Monday, June 4, 2012

Blog Post #3


Smith, Cheryl C. “Technologies for Transcending a Focus on Error: Blogs and Democratic Aspirations in First-Year Composition.” Journal of Basic Writing 27.1 (2008): 35-60. Print.

In “Technologies for Transcending a Focus on Error,” Smith describes a blog project she undertook in a first-year composition class and suggests that it might be productive to explore similar projects in the basic-writing classroom. For her project, she created a class blog that she used primarily as a space for “pre-writing exercises [she] called ‘meditations,’ which would lead up to the three longer, formal essays” (41). Smith posted a variety of prompts on the class blog and encouraged her students to write longer, experimental pieces in response to the prompts and to reply to each other’s posts. She discouraged a focus on grammar, encouraging students to “try on writerly identities, try out ideas and claims, and test different styles for approaching those claims” (41). For one prompt, she also encouraged students to incorporate YouTube videos in their posts. For the most part, students responded very positively, both to the blog idea itself and to each other’s posts.

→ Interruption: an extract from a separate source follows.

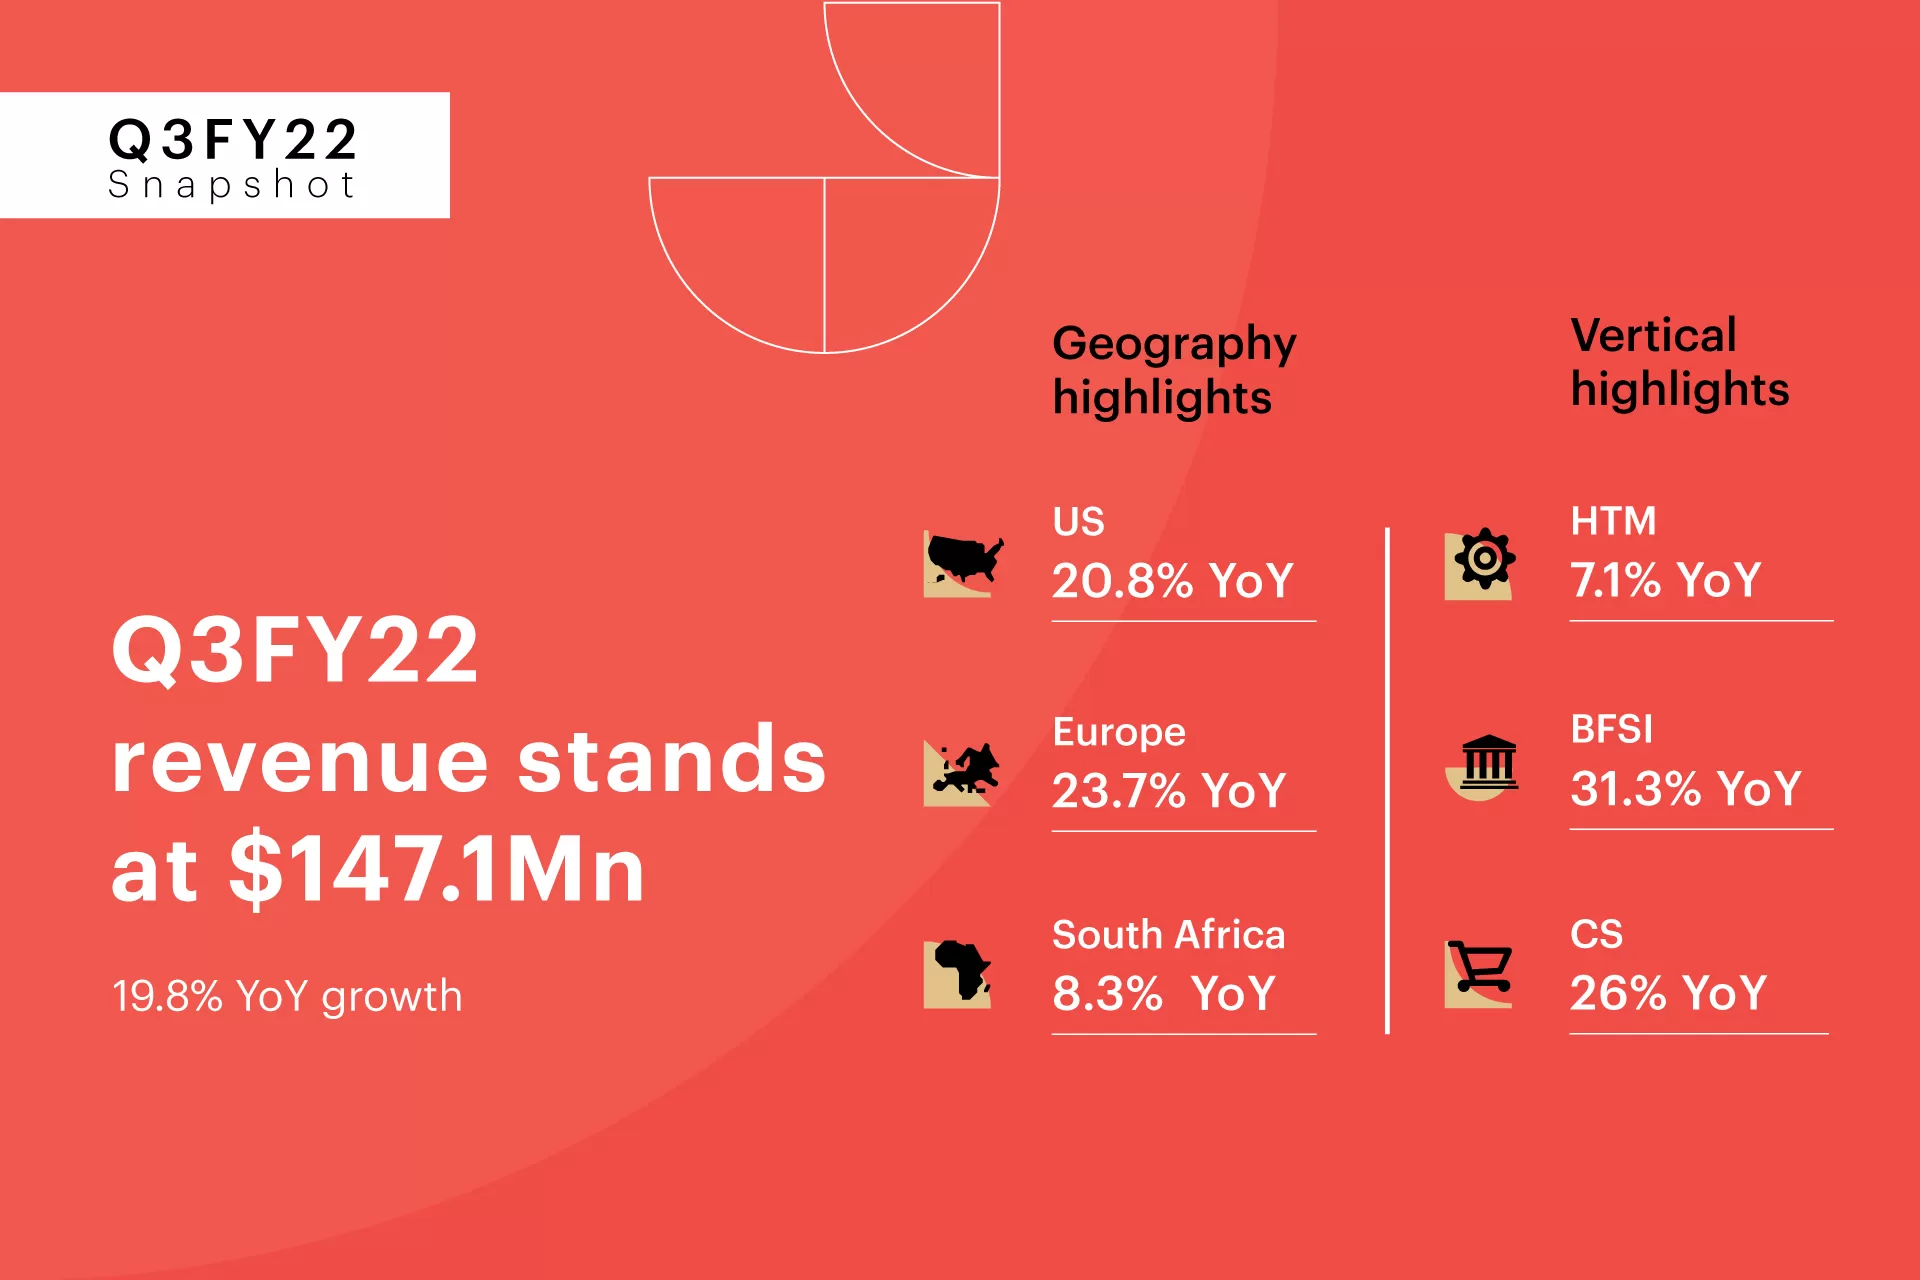 Zensar's Q3FY22 revenues register 19.8% YoY growth

Smith’s approach rests upon several key understandings. Firstly, she adheres to the belief that “students at all levels, from basic to advanced, and with all degrees of academic experience, are likely to have had their minds and writing styles impacted by their exposure to technology. […] Basic writers are as likely as their peers to come to college with a determining Web 2.0 fluency” (36). Secondly, she sees blogs, specifically, as being democratizing through their “unique potential to free the writer’s voice that can especially empower those students who lack confidence in their language skills or are otherwise struggling. Further, by giving participants equal access to a public voice in a forum that is familiar to many young people, blogs create a safe place for risk-taking and error” (38).

Both of these understandings are worthy of examination. It is probably true that many traditional-age students have significant familiarity with Twitter, blogs, Facebook, and other social media. However, as Pavia points out in the article I blogged on previously, we should be wary of assumptions that ALL students, especially those in our basic-writing classes (because of the higher prevalence of working-class students), share a given level of comfort—let alone fluency—with Web 2.0. Additionally, as Smith notes herself, a blog might not be seen by all as a safe place. She describes an episode where students used the blog to critique a class project, and then interpreted her response to that critique as embodying the message “watch what you say” (48). Students became more timid in their posts, and Smith had to work to reestablish a more open environment on the blog.

Despite these concerns, I see Smith’s experiment as worth trying. One way I might proceed in the fall is to establish a private class blog for the developmental students in my ALP section. This could provide my basic writers with a space to experiment and pre-write, as well as develop a community where they do not feel any pressure of having their writing read by the college-level students. As I learned from past blog experiments—and as Smith recommends—one key will be good prompts. I like Smith’s idea of using the blog as a pre-writing space, but I may also incorporate prompts that address other topics to give students a chance to write on diverse topics.

2 comments:

  1. Mark - I love the idea of using the blog for the ALP students in your course. From what you described and discussed in class related to your tech review, this would seem to fit. The latest piece I blogged about (Wei, 2010) was also about using blogs in support of formal writing. The student audience was demographically very different from your situation, yet I wonder if the students' ideas about language development and their changed awareness about writing would be relevant for you, even just as a point of comparison.

    ReplyDelete
  2. Hey, Mark. Sorry I missed this earlier, but I'm glad I'm seeing it now. I'd be especially interested in looking back at what makes her say that taking on "a public voice in a forum that is familiar" makes a blog a "safe place for risk-taking and error." To transfer that logic to another forum, I'm familiar with making public speeches, but I certainly don't find them a safe place--I'd like to see the details of her logical connection. I'm especially interested because "risk-taking and error" are key to project-based learning, which I'm researching right now, and I've been considering ways to use blogs in students' project development. Thanks for the post!